Cool: Sentient Sections and Academic Writing …

On the long list of things in academic writing that make me cringe is – of course – the use of active form, incorrect use of insufficient biographies, and frivolous acknowledgements.

I’m currently reviewing a paper for a journal, which brings forth in spades another linguistic detail that should (and, easily can) be avoided. I am, of course, not going to reveal which paper or which journal – that would go agains the code-of-ethics for reviewing academic papers (which, sadly, not all publication houses respect), so I hit up my favorite search engine for a public example, and the first result was from this paper (which I haste to say is otherwise interesting):

This section focuses on another aspect of Pastry’s routing performance, namely its properties with respect to locality. We will show that the route chosen for a message is likely to be “good” with respect to the proximity metric…

The next example is from this paper (which I didn’t actually read beyond the abstract):

Abstract – This paper focuses on performance investigation of reactive and proactive MANET routing protocols, namely AODV, DSR, TORA and OLSR

Emphasis is, in both cases, mine. “Focuses on something” means “to give of attention to” that something – and choosing to do so (or not) is an act that requires awareness, and the ability to make a choice.

Thus, the authors of a paper, or of a section, can chose – in their study, or in their writing – to focus on something specific. I don’t suspect (even with the hypothesis of development of universal AI) that “sentience” is going to be an attribute associated with a section in a paper: it simply reports what the authors have written – which, of course, will be reflective of what the authors have focused on.
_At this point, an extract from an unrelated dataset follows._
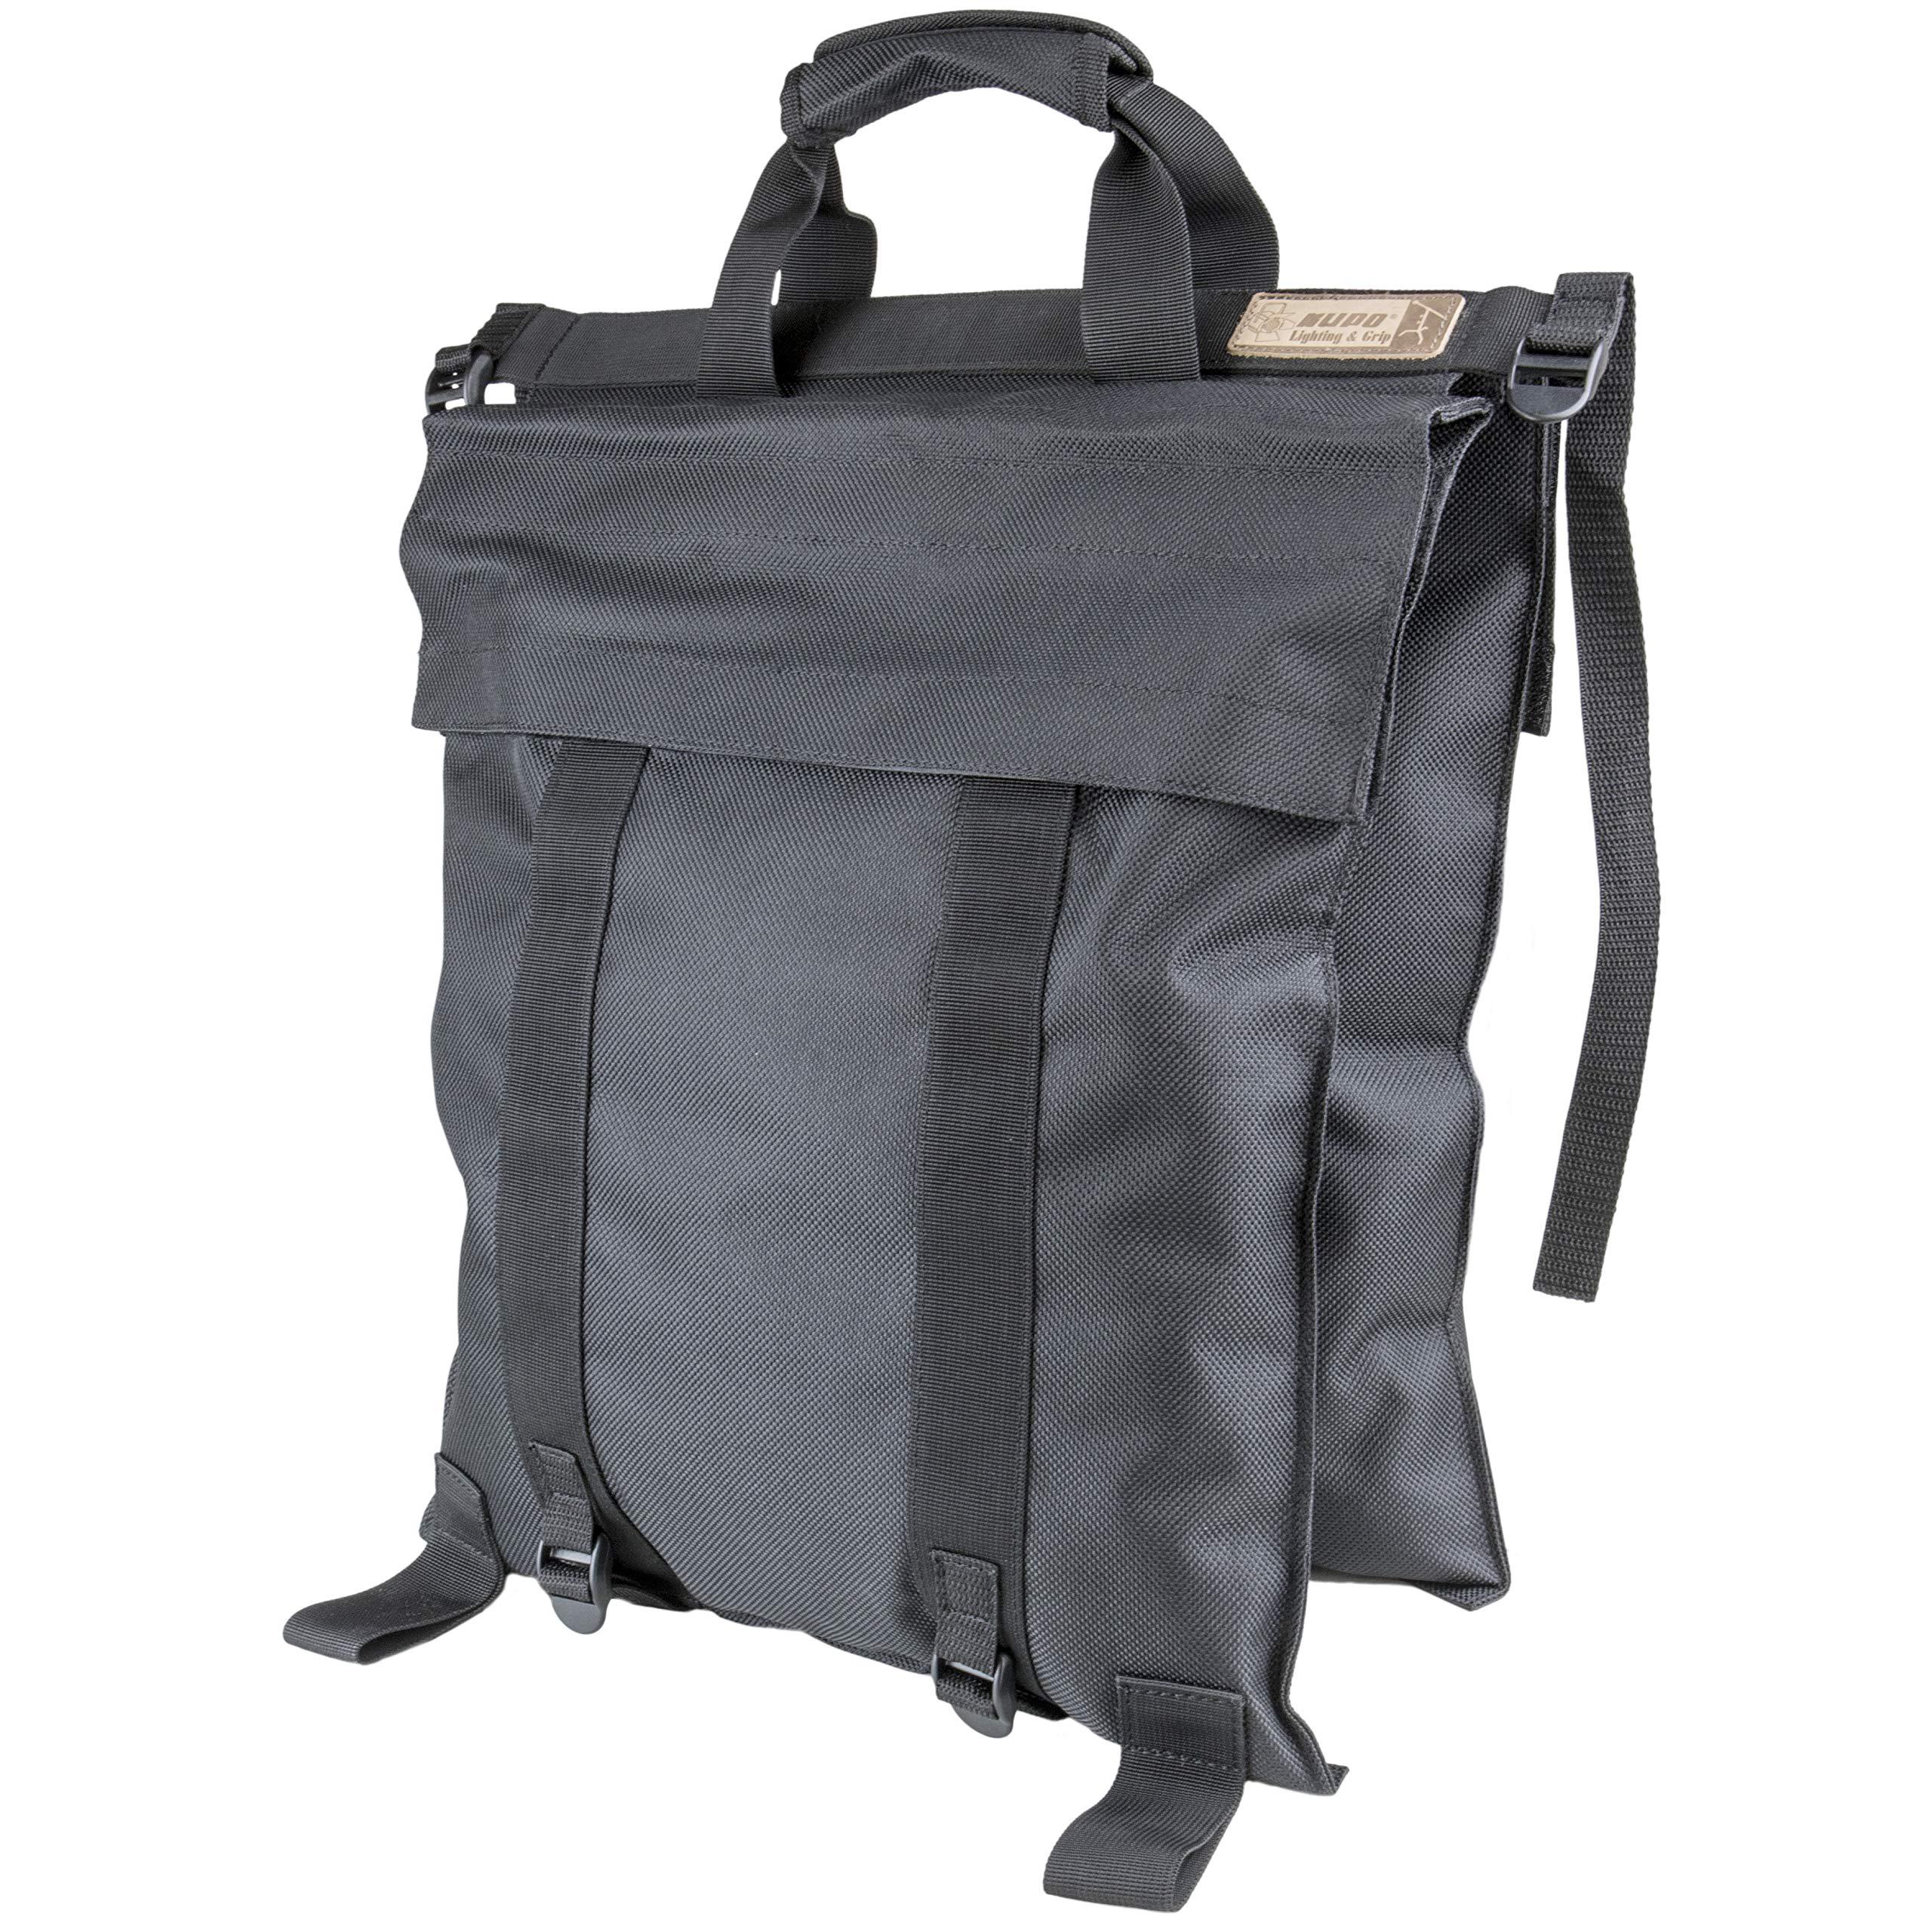 Kupo Sand Bag (Max. Load: 77lbs / 27.2kg) (KG091711) by Kupo

It’s an easy rephrasing to avoid ascribing sentience to sections and papers – for example:

This section presents a study of another aspect of Pastry’s routing performance, namely its properties with respect to locality. It will also show that the route chosen for a message is likely to be “good” with respect to the proximity metric…

And:

Abstract – This paper reports the result of a performance investigation of reactive and proactive MANET routing protocols, namely AODV, DSR, TORA and OLSR

As I have written before, while I do try to instil these writing habits into my own students, and endeavour to respect them in papers to (co-) author, I am an engineer…so, I “play the ball, not the (wo)man”:  when reviewing a paper and recommending acceptance or publication, I focus on only the scientific content.